"You shall not commit adultery" (Exodus 20:14).
IDEA: A covenant relationship is dynamic, not static.
PURPOSE: To help listeners understand how a covenant relationship can grow and develop.
Have you ever done much premarital counseling?
Did you go through premarital counseling before you were married?
What subjects are usually covered in these sessions?
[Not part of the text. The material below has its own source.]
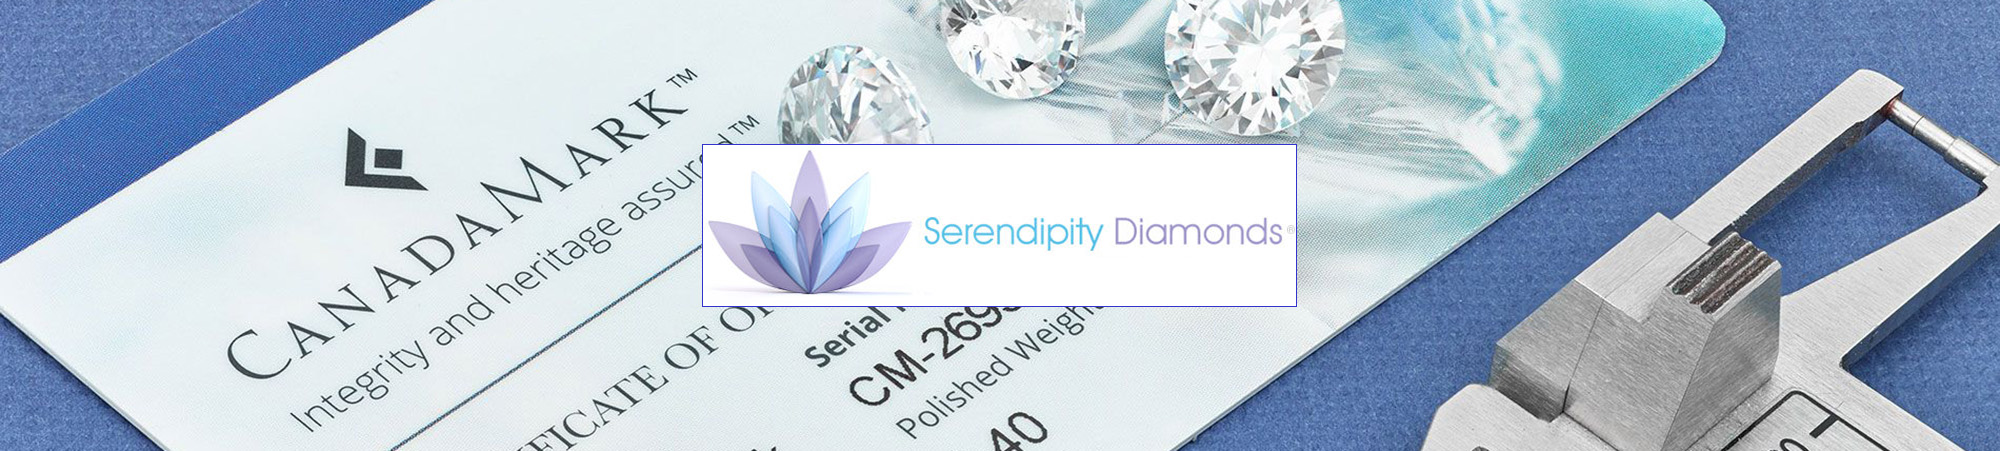 Serendipty Diamonds banner image

Issues of money, sex, in-laws, communication, etc.
Do we think much about the vows each will make at a marriage altar?
A couple can swear to all kinds of things with no realization what they are saying.
I. In the vows in Christian marriage, each person in the couple enters into a covenant relationship with the other person.
They make enormous promises to one another.
They are swearing, “When no one else is there for you, I’ll be there.”
They are swearing, “I am giving myself to you unconditionally and am throwing my date book away.”
They are swearing, “This commitment is not going to depend on circumstances–sickness or health, poverty or wealth.”
If a couple takes seriously those vows that they make in the presence of God and before witnesses, what effect should that have in the marriage?
The marriage itself is not nearly as satisfying as the marriage ceremony.
There’s a way in which this covenant is both the spark that starts the engine and the fuel that keeps the engine running.
The initial commitment, if it is understood, is the beginning of a relationship, and as the relationship develops, the covenant is made deeper and more satisfying.
Would you agree that a couple after 25 years of marriage can have a rich relationship that they could not have dreamed of when they first married? All the elements of the original covenant have been made rich through the giving and receiving in the relationship.